Extinct genus of amphibians

Zygosaurus is an extinct genus of dissorophid temnospondyl from the Middle Permian of Russia. It was described in 1848 by Eduard Eichwald, making it the first dissorophid to be described and the first temnospondyl documented from Russia. It is known from a single species, Zygosaurus lucius.

== History of study ==
The holotype and only known specimen of Z. lucius was collected from the Klyuchevsky Mine-1 (sometimes Kluchevskii) locality in Bashkortostan and described by Eichwald (1848). At some point, the holotype was lost, and only casts remain, one of which (PIN 1956/8) is now the lectotype.

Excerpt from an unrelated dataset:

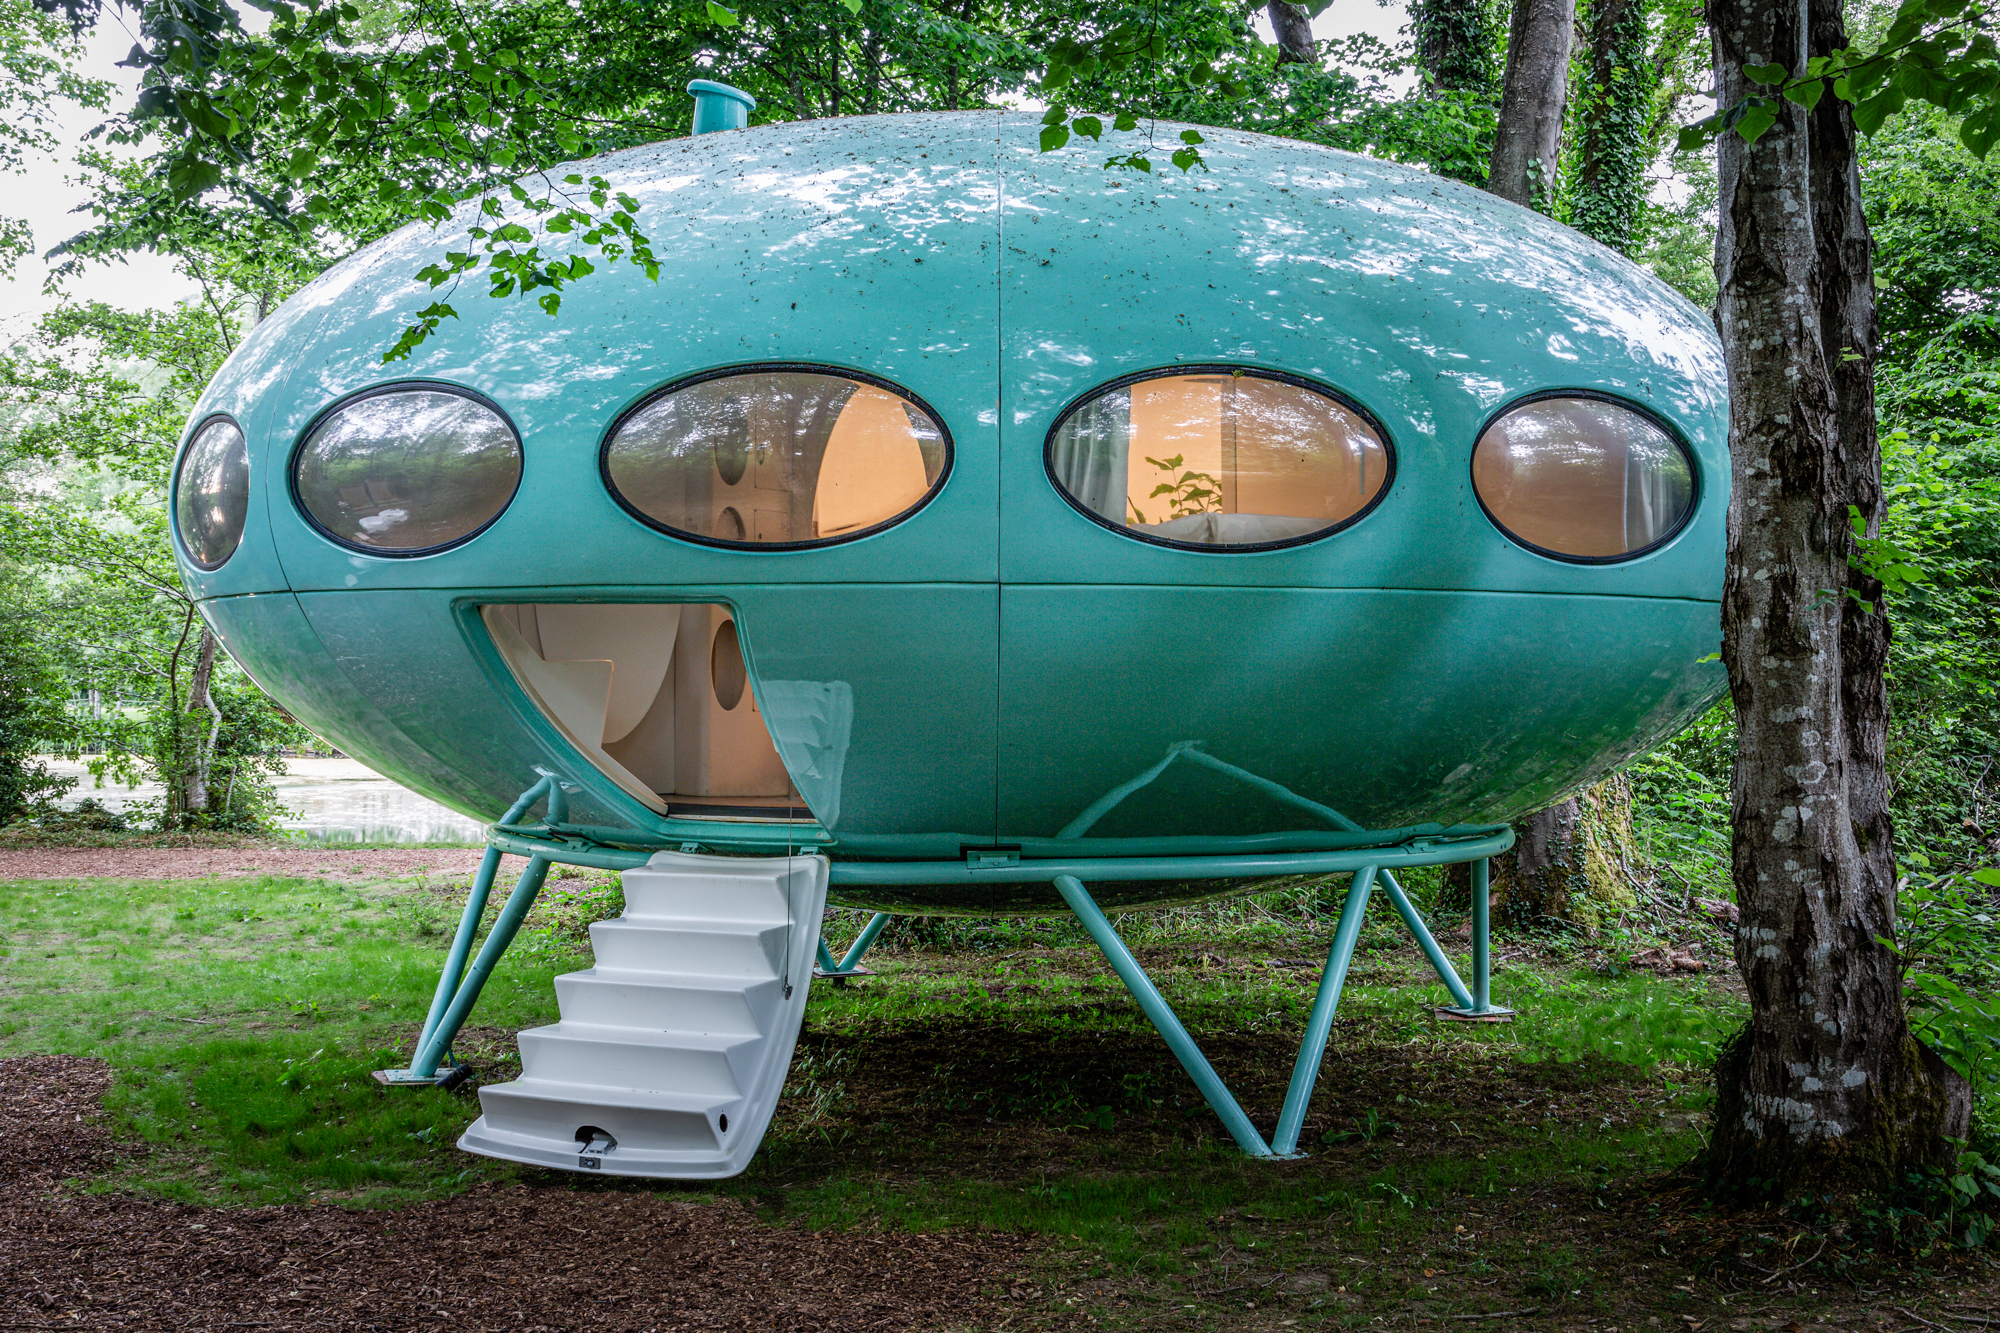 1960s Futuro House restored in Marston Park padstyle.com

A second specimen (SPbU No. 1/1329) was described by Efremov (1937) but only referred to Zygosaurus sp. This specimen was subsequently redescribed by Novozhilov (1940) and Gubin (1987), the latter of whom referred it to Kamacops sp. Eichwald had examined the specimen and also considered it to belong to Zygosaurus; the exact locality from which the specimen was collected has never been fully resolved, but lithological analysis of different candidate localities suggests they are from coeval but separate localities.

Efremov & Vyushkov (1955), and the English counterpart (Olson, 1957), reported several occurrences of Zygosaurus from different localities but without specific specimen numbers, figures, or description.

Schoch & Milner (2014) included a diagnosis in their revision of non-stereospondylomorph temnospondyls; they diagnosed Zygosaurus by (1) narrow skull table; (2) preorbital length twice as long as posterior skull length; (3) large pineal foramen; (4) orbits proportionately larger than in Kamacops; and (5) skull widest at the mid-length of the orbits.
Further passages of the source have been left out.